Kv4.2 subunits contain a dileucine motif on the C-terminus that appears to dictate their dendritic localization (Figure 1)⁴¹. The kinesin isoform, Kif17 is also involved in dendritic transport of Kv4.2⁴². Kv4.2 cell surface expression is further regulated by a number of auxiliary subunits, Kv channel interacting proteins (KChIPs) and dipeptidyl peptidase-like type II proteins, DPP6 and DPP10 (Figure 1)²⁷. In addition, Kv4.2 subunits are modulated by a variety of kinases such as PKA, PKC and ERK/MAPK (Figure 1)⁴³. Hence, a diverse range of signalling molecules modify Kv4.2 subunit expression and biophysical characteristics.

Figure 1. NMDA receptor-dependent trafficking of K⁺ channels.

A) Model of NMDAR-dependent K⁺ channel trafficking that occurs during cellular and synaptic plasticity (1) During LTP, Kv4.2 and SK channels are internalized via PKA activation (2) Depotentiation is mediated by Girk2 synaptic insertion after protein phosphatase-1 activation(3) Intrinsic excitability is altered by the lateral translocation of Kv2.1 channels after protein phosphatase-2B activation. Relevant figures from the original reports are shown below in B1-3. B1) K⁺ channel internalization during LTP. B1i) Activity-dependent internalization of Kv4.2 requires NMDAR activation. Fluorescence changes are plotted from time-lapse images of spines from hippocampal neurons coexpressing EGFP-tagged Kv4.2 and a soluble red-fluorescent protein (tdTomato). AMPA stimulation progressively decreased Kv4.2 fluorescence intensity in spines, with no significant change in tdTomato fluorescence (inset). Kv4.2 fluorescence intensity was not significantly changed with APV coapplication to block NMDARs. (Adapted from Ref. [46]). B1ii) Activity-dependent internalization of SK channels in hippocampal slices after LTP. EPSPs were evoked from two independent pathways: a control pathway with no LTP induction (closed, black symbols) and a theta-burst pairing (TBP) stimulated pathway with robust LTP induction (open, blue symbols).

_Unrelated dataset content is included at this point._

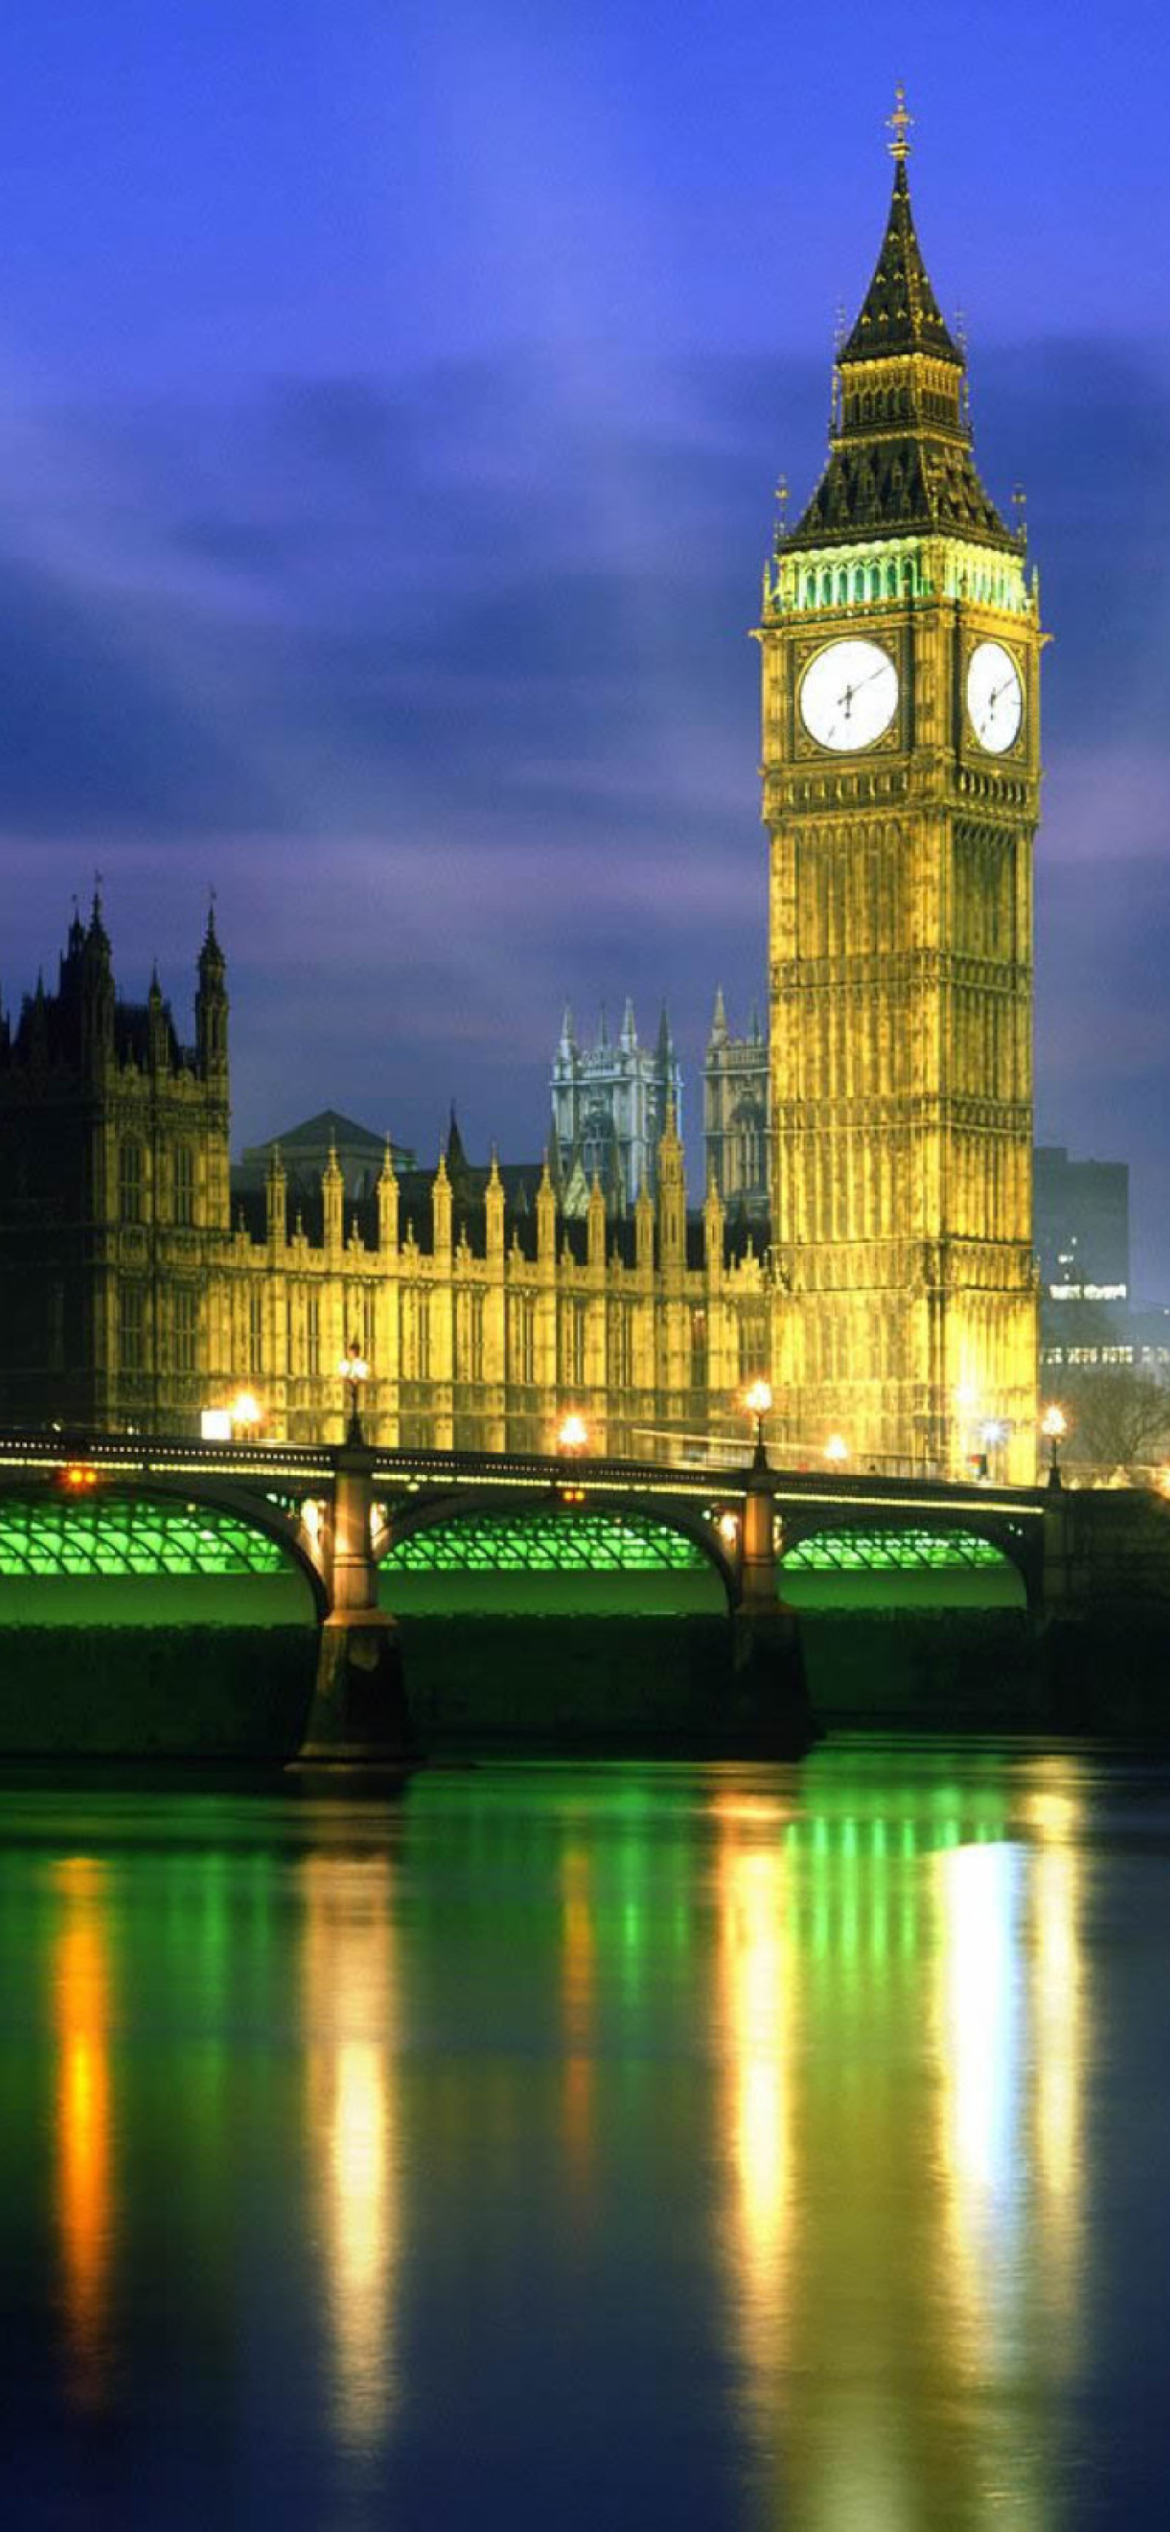 Palace Of Westminster At Night wallpaper 1170x2532

Forty minutes after induction, stimulus strength was reduced to produce EPSPs of comparable slope in both pathways (blue shaded bar). Internalization of SK channels after LTP is observed by the lack of effect of the SK channel blocker apamin, on EPSP slope in the TBP pathway (blue) compared to the control (black) pathway (Adapted from Ref. [12]). B2) Activity-dependent insertion of GIRK2 in cultured hippocampal neurons. Left, immunostaining of hippocampal neurons with anti-GIRK2 C-terminal (red) and anti-synaptophysin antibodies (green) demonstrating synaptic localization of GIRK2. Arrows point to excitatory synapses on dendritic spines, whereas arrowheads point to inhibitory synapses on dendritic shafts. (Scale bar, 2 μm.). Right, activation of NMDARs t with NMDA and glycine elevated surface expression of GIRK1 and GIRK2 by ∼2-fold but not of the NMDAR subunit NR1. Similar results were found with synaptic NMDAR activation (Adapted from Ref. [15]). B3) Activity-dependent translocation of Kv2.1. Stimulation of cultured hippocampal neurons with glutamate dispersed Kv2.1 (adapted from Ref. [17]).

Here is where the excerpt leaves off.